This variant is then called (or not) across all the callsets:

In [8]:
print("Number of calls: {}".format(len(ex.calls)))
print(ex.calls[0])

Number of calls: 3
call_set_name: "HG00096"
call_set_id: "WyJHQTRHSF9ERU0iLCJ2cyIsInBoYXNlMy1yZWxlYXNlIiwiSEcwMDA5NiJd"
genotype: 1
genotype: 0
phaseset: "True"



In [9]:
altcounts = [0,0,0]
for call in ex.calls:
    nalt = call.genotype[0] + call.genotype[1]
    altcounts[nalt] += 1
tot = sum(altcounts)
print("Homozygous ref = {}/{} ({}%)\nHeterozygous alt {}/{} ({}%)\nHomozygous alt = {}/{} ({}%))".\
     format(altcounts[0], tot, int(1000*altcounts[0]*1./tot)/10.,
            altcounts[1], tot, int(1000*altcounts[1]*1./tot)/10.,
            altcounts[2], tot, int(1000*altcounts[2]*1./tot)/10.))

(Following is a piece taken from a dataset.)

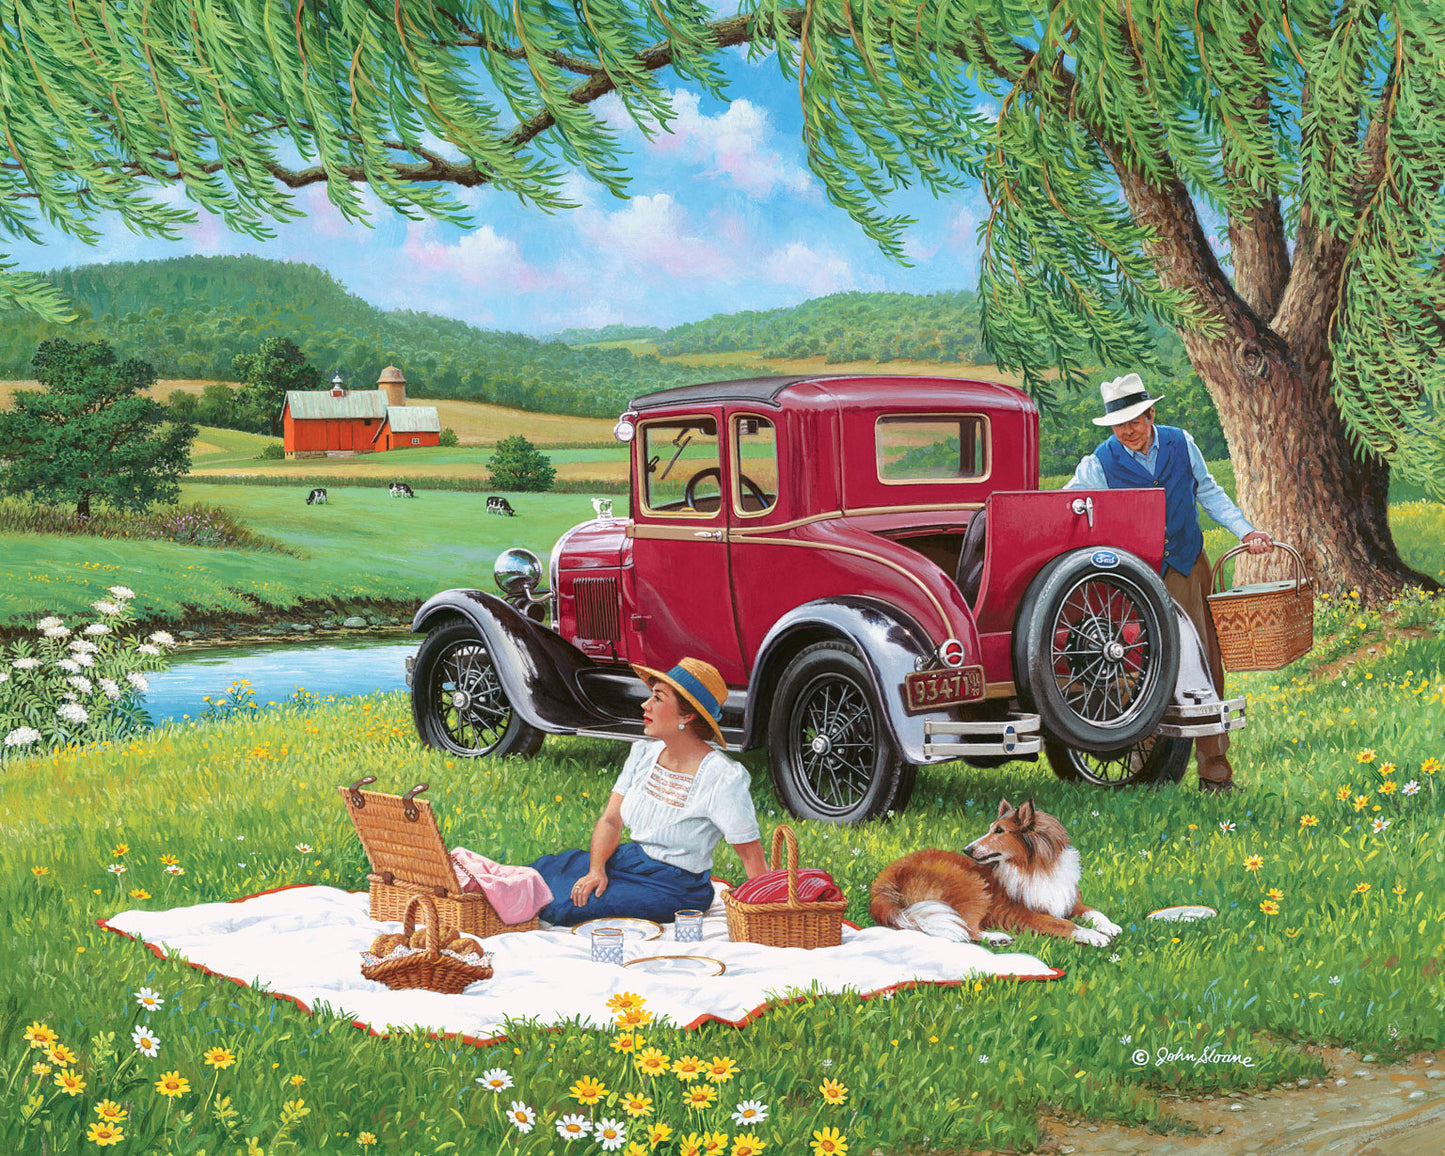 Far From the Crowd - Puzzle by John Sloane

Homozygous ref = 2/3 (66.6%)
Heterozygous alt 1/3 (33.3%)
Homozygous alt = 0/3 (0.0%))


We can find the first call set name corresponding to a hom alt call:

In [10]:
het_alts = [call.call_set_name for call in ex.calls 
            if sum(call.genotype) == 1]
print(het_alts[0])

HG00096


In this case (but not in general!) the readgroupset names are the same as the call set names,
so we can look at the reads corresponding to these calls.  Because reads are aligned to the reference, we need the reference id.  Note too that we have to go through all the read group sets to find the one we want

In [11]:
reference_set = list(client.search_reference_sets())[0]
references = [r for r in client.search_references(reference_set_id=reference_set.id)]
print(references[0])

read_group_sets = list(client.search_read_group_sets(dataset_id=dataset.id))
read_group_set = [rgs for rgs in read_group_sets if rgs.name in het_alts][0]
print("Read group set : {}".format(read_group_set.name))

id: "WyJHUkNoMzciLCIxIl0"
length: 138395
md5checksum: "bb07c91cda4645ad8e75e375e3d6e5eb"
name: "1"

Read group set : HG00096


In [12]:
start = ex.start-10
end = ex.end+10
length = end-start+1

print(client.list_reference_bases(references[0].id, start=start, end=end))
print("")
for read_group in read_group_set.read_groups:
    sequences = list(client.search_reads(read_group_ids=[read_group.id], 
                                        start=start, end=end,
                                        reference_id=references[0].id))
    for sequence in sequences:
        seqstart = sequence.alignment.position.position
        pos_strand = sequence.alignment.position.strand == 2
        if seqstart <= start and pos_strand:
            print(sequence.aligned_sequence[start-seqstart:start-seqstart+length])

CCTAACCCTAACCTAACCCTA

CCTAACCCTAACCCTAACCCTA
ACCCTAACCCTAACCCTAAACC
CCTAACCCTAACCTAACCCTAA
CCTAACCCAACCCTAACCCTAA
CCTAACCCTAACCCTGACCCTA
CCTAACCCTAACCTAACCCTAA
CCTAACCCTAACCCCAACCCCA


## ExAC

ExAC also has a [rest API](https://github.com/hms-dbmi/exac_browser), but it only handles variants and their annotations, and there isn't a cute python API wrapper yet:

In [13]:
import requests
exac_base_url = "http://exac.hms.harvard.edu/rest/"
chrom = "1"
start = "13000"
stop = "20000"
region_id = chrom + "-" + start + "-" + stop
print(region_id)

1-13000-20000


In [14]:
response = requests.get(
        exac_base_url + "region/variants_in_region/" + region_id)
variants = response.json()
print(variants[0])

print("Variant allele frequencies: ")
print(sorted([variant['allele_count'] for variant in variants]))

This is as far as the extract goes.